A 100 kb region on chromosome 9p21.3 has been recently identified as harboring susceptibility variants to both coronary heart disease (CHD)/myocardial infarction [1–5] and to type 2 diabetes (T2D) [6, 7] in study populations of European origin. The associated variants reside on two adjacent haplotype blocks, as defined using HapMap data from 30 trios of Northern and Western European ancestry (CEU) collected by the Centre d'Etude du Polymorphisme Humain (CEPH) . The effects of the variants are independent: the T2D risk variant does not confer increased risk of CHD, and vice versa [9, 10]. The variants associated with CHD also contribute to the risk of other disease phenotypes, such as abdominal aortic and intracranial aneurysms  and ischemic stroke . The extensive linkage disequilibrium (LD) seen in this genomic region in the CEU HapMap population is diminished in the other HapMap populations of African, Chinese and Japanese ancestry, both for pair-wise LD levels as well as size of the haplotype blocks. In addition, the disease-associated variants are located in a genomic region of unknown function. These two issues contribute to the challenge of identifying the possible causative variants, and studying their effects in populations of non-European ancestry.
To help delimit the regions that likely harbor the disease-causing variants in populations of non-European origin, we studied the haplotype diversity and allelic history of the 9p21.3 region using existing genotype data from 938 unrelated individuals from 51 populations, from Sub-Saharan Africa, North Africa, Europe, the Middle East, South/Central Asia, East Asia, Oceania and the Americas (the Human Genome Diversity Panel (HGDP-CEPH) ). Descriptions of genome-wide single nucleotide polymorphism (SNP) variation across these populations have recently been published by two independent groups, using Illumina's HumanHap550 BeadChip in 29 populations  and HumanHap650Y BeadChip in 51 populations . Here we present an analysis of the 650Y SNP data , supplemented with five additional SNPs: rs11790231, rs10965227, rs7045889 and rs10811661 typed using Sequenom iPLEX chemistry (Sequenom, San Diego, CA, USA) and rs1333049 typed using KASPar chemistry (Kbioscience, Hoddesdon, Herts, UK) . The additional SNPs were selected to include disease-associated SNPs and haplotype-tagging SNPs that were not present on the 650Y chip. Genotype quality controls included eight duplicates of a CEPH sample and eight water controls in every 384-well plate. Genotype clusters were manually reviewed and genotyping success rate for each SNP was >98.9%. The genotype data included the variants associated with T2D (rs10811661 and rs10757283), as well as eight variants associated with CHD or found in high LD (r2 > 0.9) with associated variants across a 44 kb region (rs10116277, rs1537370, rs10738607, rs4977574, rs944797, rs2383207, rs1537375 and rs1333049) in the HapMap CEU population. Haplotype frequencies were analyzed with the EM algorithm implemented in PLINK , which estimates the frequencies of probabilistically inferred sets of haplotypes within a population-based sample set. Haplotype structure was visualized with Haploview . The analysis was performed for each geographic region separately, including in the analysis all individuals from the various populations in that geographic region. Due to the small number of unrelated individuals studied here and the uncertainty of phasing, we omit region-specific haplotypes with frequencies <5%.
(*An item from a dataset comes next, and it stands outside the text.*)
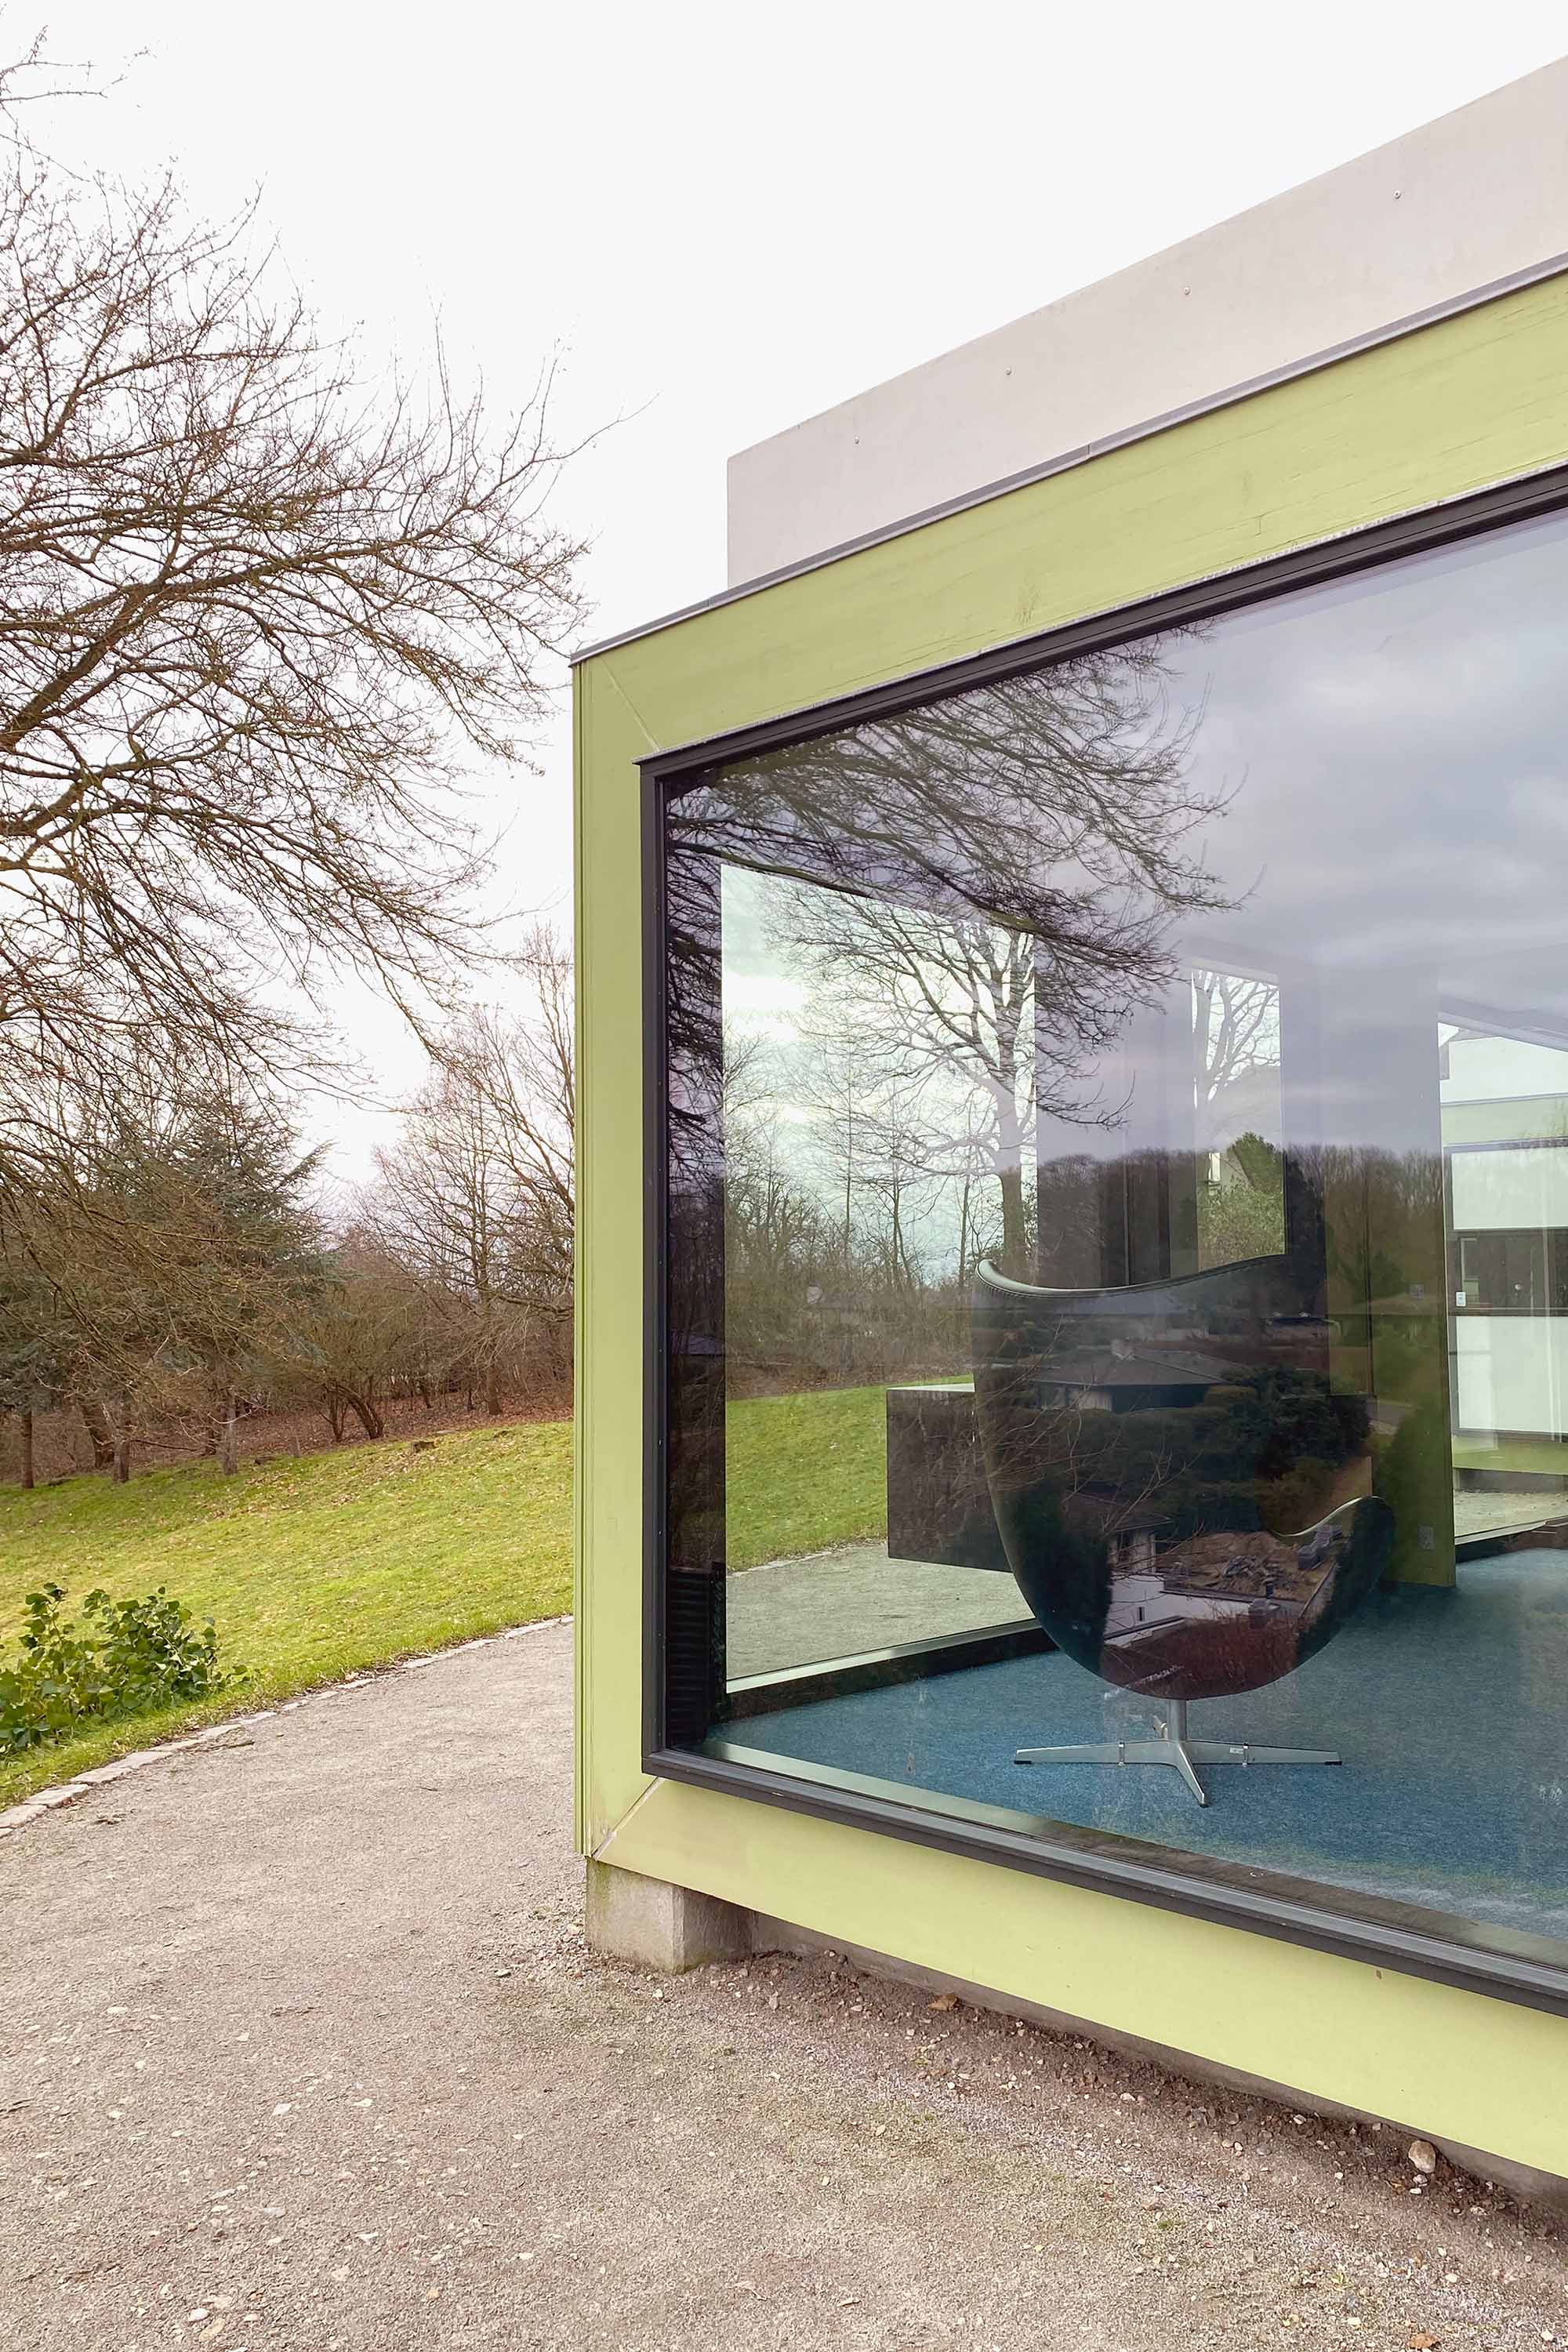 Das modulare Haus wurde 1970 von Arne Jacobsen entworfen und steht seit 2015 im Skulpturengarten des Trapholt Museums.

Our analyses show that the T2D and CHD loci have different allelic histories, which is in agreement with their independent effects on disease. The haplotype structure of the critical region containing the CHD- and T2D-associated SNPs in the HGDP European sample is shown in Figure 1, and for comparison the same region is shown in the HGDP African sample (Additional data file 1). For the T2D locus, the T allele of rs10811661 was found to be associated with disease risk , while a larger meta-analysis identified haplotype TT of rs10811661 and rs10757283 as most strongly associated with disease . The TT risk haplotype is present in similar frequencies in all global populations, while a shared 6-SNP haplotype that carries the protective C allele of rs10811661 is found at a frequency of 2.9% in Africans and 41.3% in East Asians and is associated with low haplotype diversity (Table 1). This frequency difference between populations and lack of haplotype diversity of the protective allele is reminiscent of the TCF7L2 T2D locus, in which the protective allele is found at a frequency of 10 to 31% in Africans but at 95% in East Asians [15, 18]. Such large allele frequency differences and lack of haplotype diversity are indications of the past action of positive natural selection . However, the degree of population differentiation for rs10811661 is not unusual compared to random SNPs in the genome (Fst = 0.126 (P = 0.224) across the 51 HGDP populations) , suggesting a neutrally selected region, while the protective allele of rs7901695 at the TCF7L2 locus was likely driven to high frequency in East Asians (global Fst = 0.213 (P = 0.08) across the 51 HGDP populations) by positive selection .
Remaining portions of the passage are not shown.